For the copy, please give all of the data again exactly and leave the pictures out.

INFORMATION PROVIDED =>

-- -- --

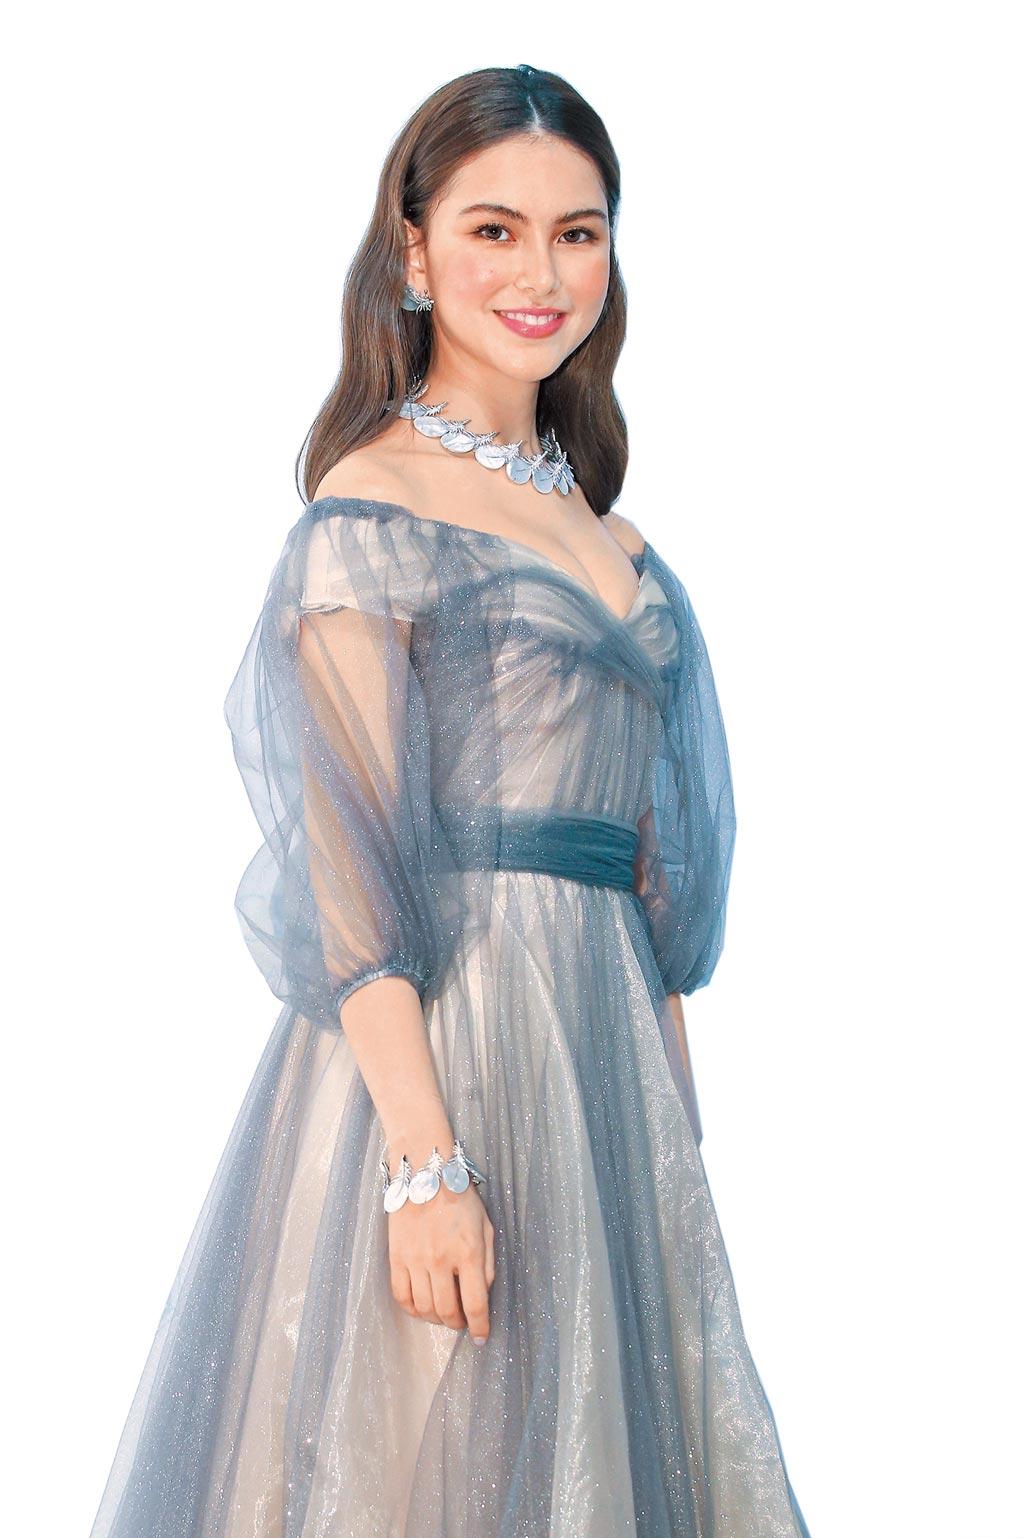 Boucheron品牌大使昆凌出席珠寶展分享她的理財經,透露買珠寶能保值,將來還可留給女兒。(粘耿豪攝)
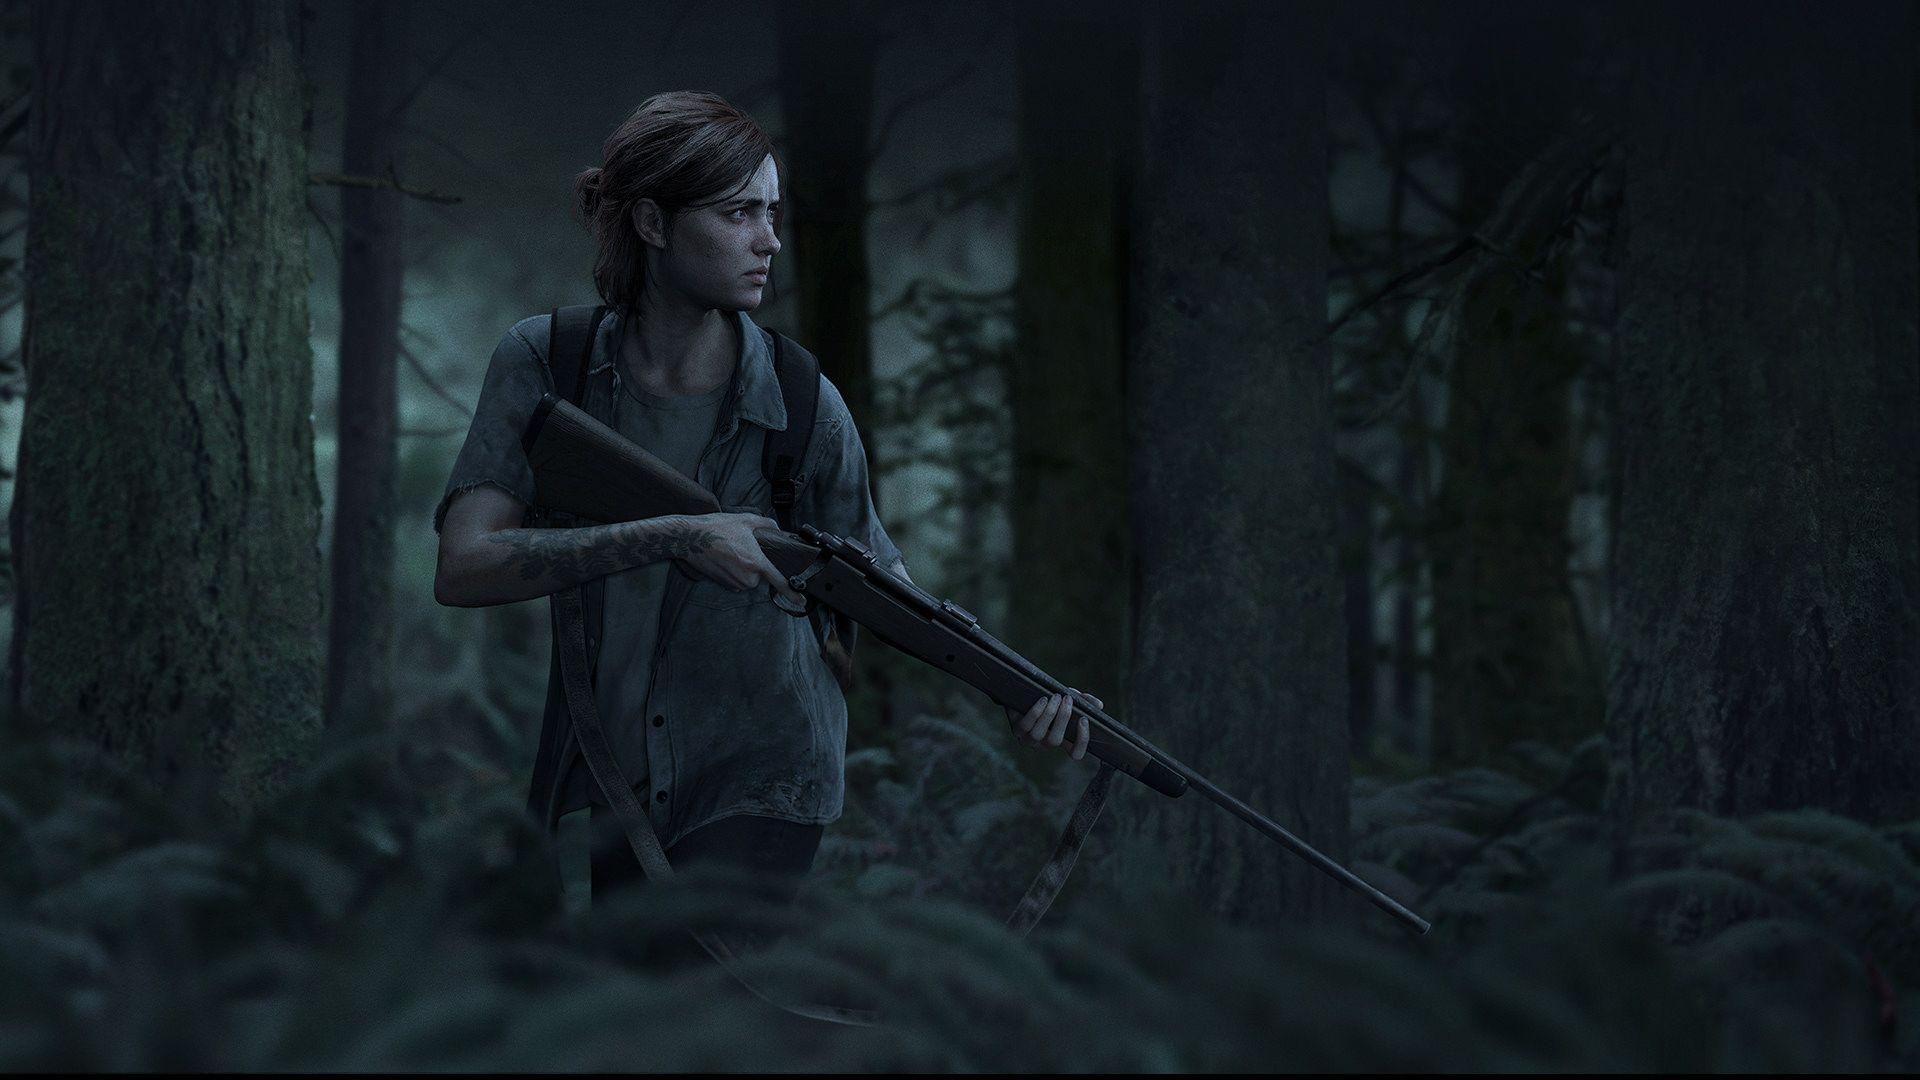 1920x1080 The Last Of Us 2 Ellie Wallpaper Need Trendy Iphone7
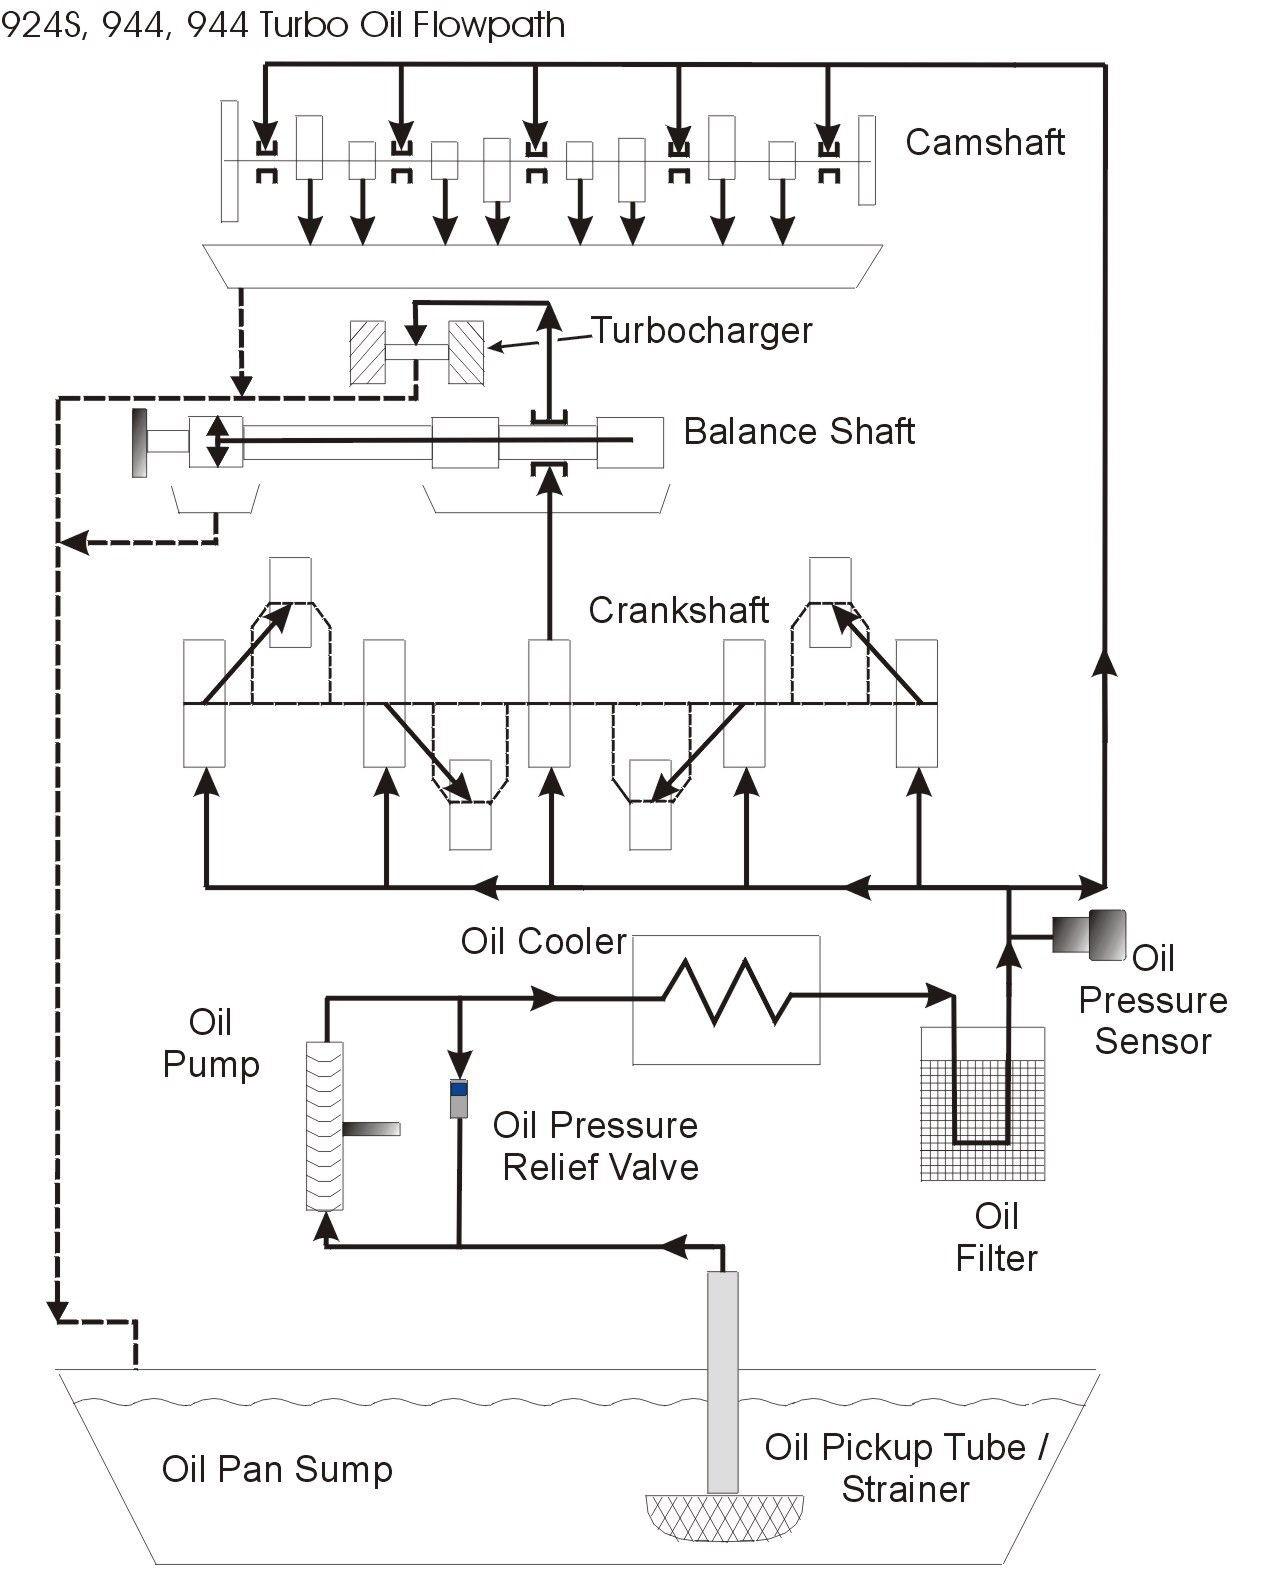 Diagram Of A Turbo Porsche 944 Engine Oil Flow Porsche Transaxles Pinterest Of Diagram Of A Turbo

-- -- --

SOLUTION TO THIS EXERCISE =>
 Boucheron品牌大使昆凌出席珠寶展分享她的理財經,透露買珠寶能保值,將來還可留給女兒。(粘耿豪攝)
 1920x1080 The Last Of Us 2 Ellie Wallpaper Need Trendy Iphone7
 Diagram Of A Turbo Porsche 944 Engine Oil Flow Porsche Transaxles Pinterest Of Diagram Of A Turbo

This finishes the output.